Glasnevin Cemetery () is a large cemetery in Glasnevin, Dublin, Ireland which opened in 1832.  It holds the graves and memorials of several notable figures, and has a museum.

Location
The cemetery is located in Glasnevin, Dublin, in two parts.  The main part, with its trademark high walls and watchtowers, is located on one side of the road from Finglas to the city centre, while the other part, "St. Paul's," is located across the road and beyond a green space, between two railway lines.

A gateway into the National Botanic Gardens, adjacent to the cemetery, was reopened in recent years.

History and description
Prior to the establishment of Glasnevin Cemetery, Irish Catholics had no cemeteries of their own in which to bury their dead and, as the repressive Penal Laws of the eighteenth century placed heavy restrictions on the public performance of Catholic services, it had become normal practice for Catholics to conduct a limited version of their own funeral services in Protestant churchyards or graveyards. This situation continued until an incident at a funeral held at St.

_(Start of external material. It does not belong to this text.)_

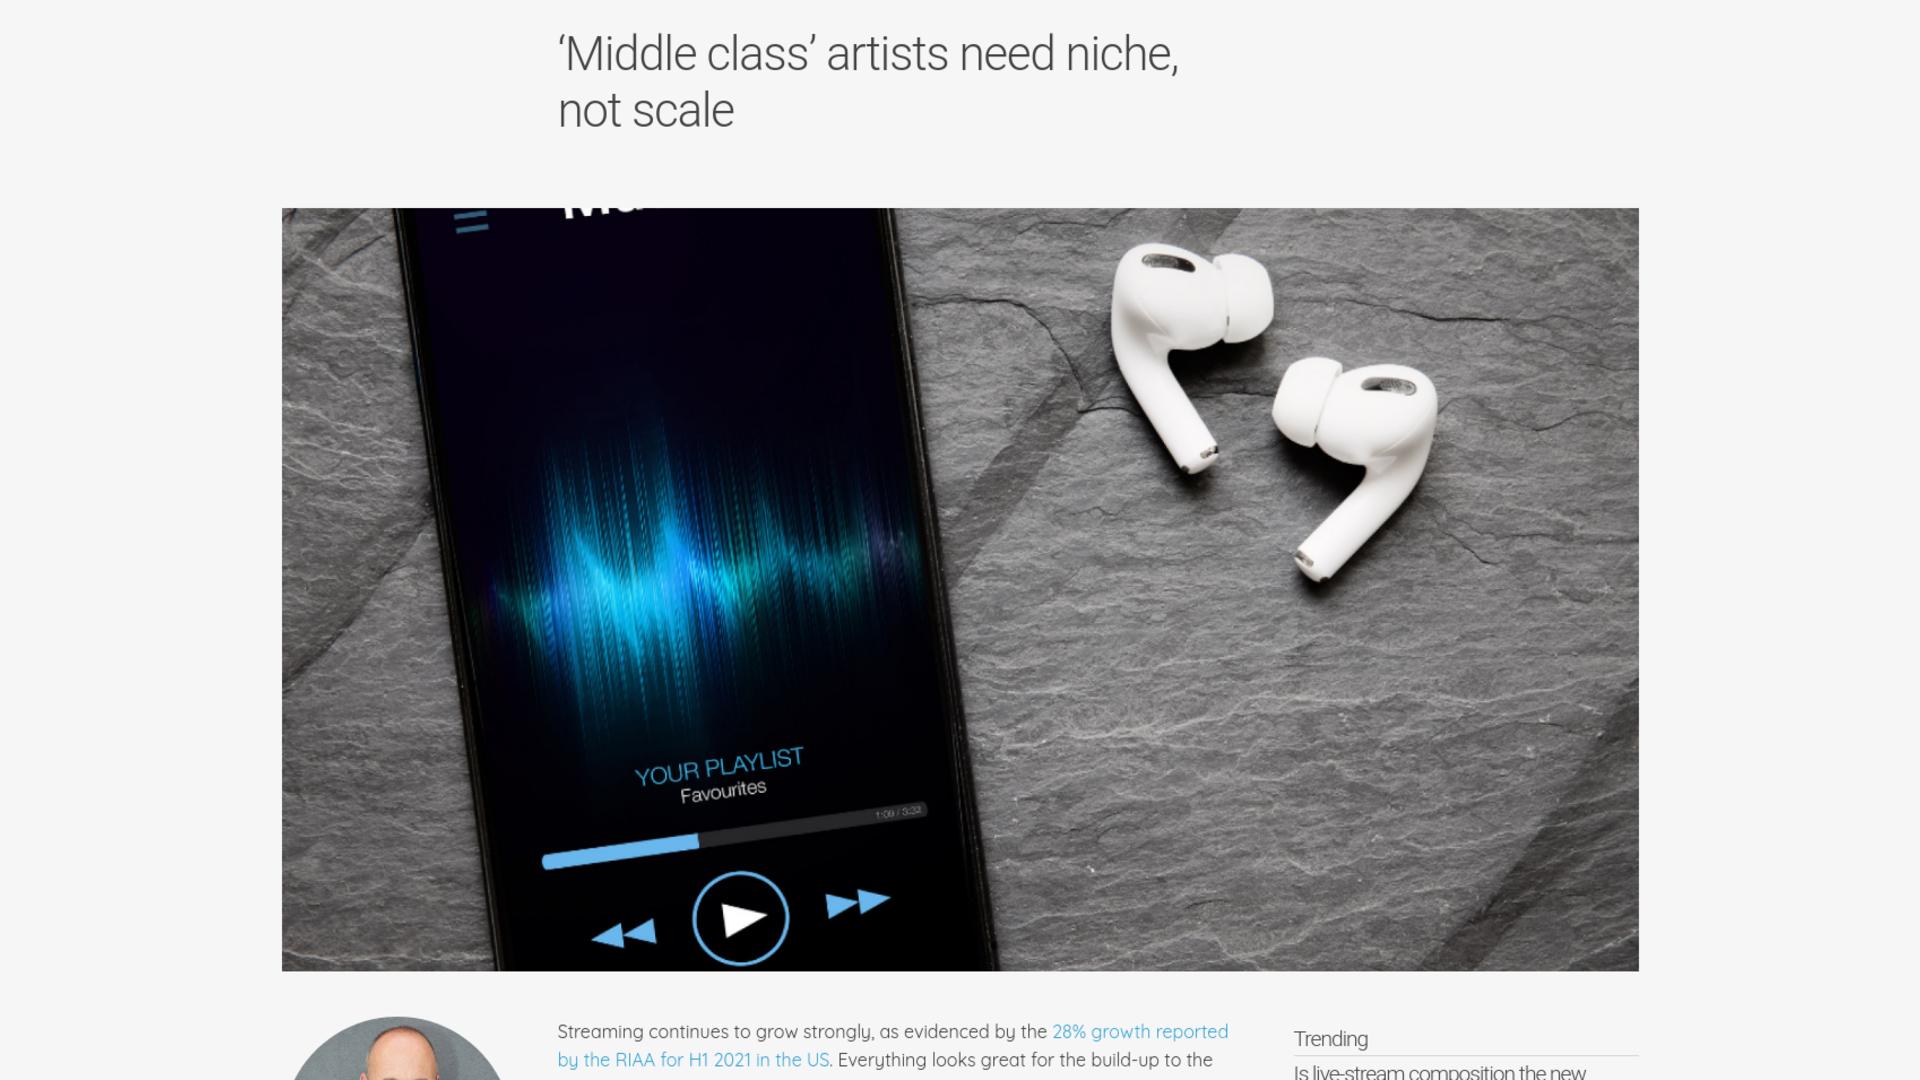 Fairness Rocks News 'Middle class' artists need niche, not scale

Kevin's Churchyard in 1823 provoked public outcry when a Protestant sexton reprimanded a Catholic priest for proceeding to perform a limited version of a funeral mass.
The outcry prompted Daniel O'Connell, champion of Catholic rights, to launch a campaign and prepare a legal opinion proving that there was actually no law passed forbidding praying for a dead Catholic in a graveyard. O'Connell pushed for the opening of a burial ground in which both Irish Catholics and Protestants could give their dead dignified burial.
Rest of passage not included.